# NNAPI vendor extensions

In Android Q, Neural Networks API introduced vendor extensions -- a better,
more structured alternative to the OEM operation and data types.
An extension is a collection of vendor-defined operations and data types.
A driver can provide custom hardware-accelerated operations via NNAPI 1.2+
by supporting corresponding vendor extensions.

Note that extensions do not modify behavior of existing operations.

This document explains how to create and use extensions.

## Extensions usage allowlist

Vendor extensions can only be used by explicitly specified Android apps and
native binaries on the /product, /vendor, /odm, and /data partitions. It's not possible to
specify an app or a native binary located on the /system partition.
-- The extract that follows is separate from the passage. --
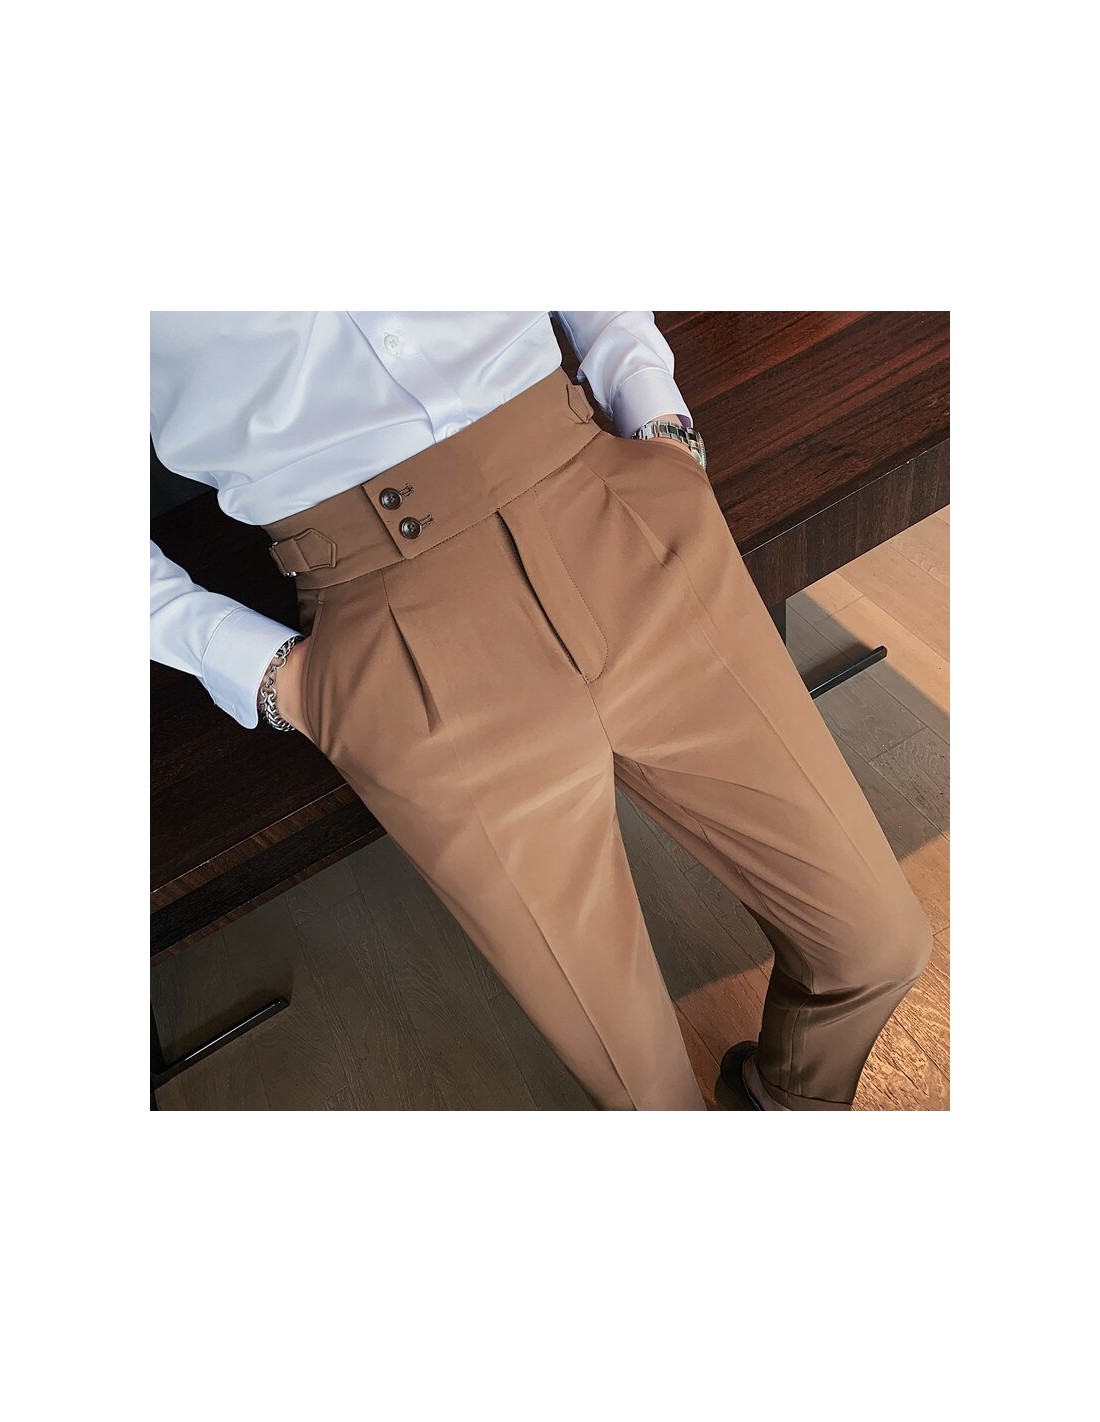 SCDZS Autumn Solid Business Casual Suit Pants Men Clothing Formal

The allowlist is stored in `/vendor/etc/nnapi_extensions_app_allowlist`, and contains
a list of Android apps and binaries permitted to use NNAPI vendor extensions.
Each line of the file contains a new entry. If an entry is prefixed by '/',
then it's a native binary path (e.g. '/data/foo'). If not, it's a name of an Android
app package (e.g. 'com.foo.bar').

Allowlist is enforced from the NNAPI runtime shared library. It protects
against accidental usage, but not against deliberate circumvention by directly
using the NNAPI driver HAL interface.

## Vendor extension definition

The vendor is expected to create and maintain a header file with the
extension definition. A complete example is provided in
`test_vendor/fibonacci/FibonacciExtension.h`.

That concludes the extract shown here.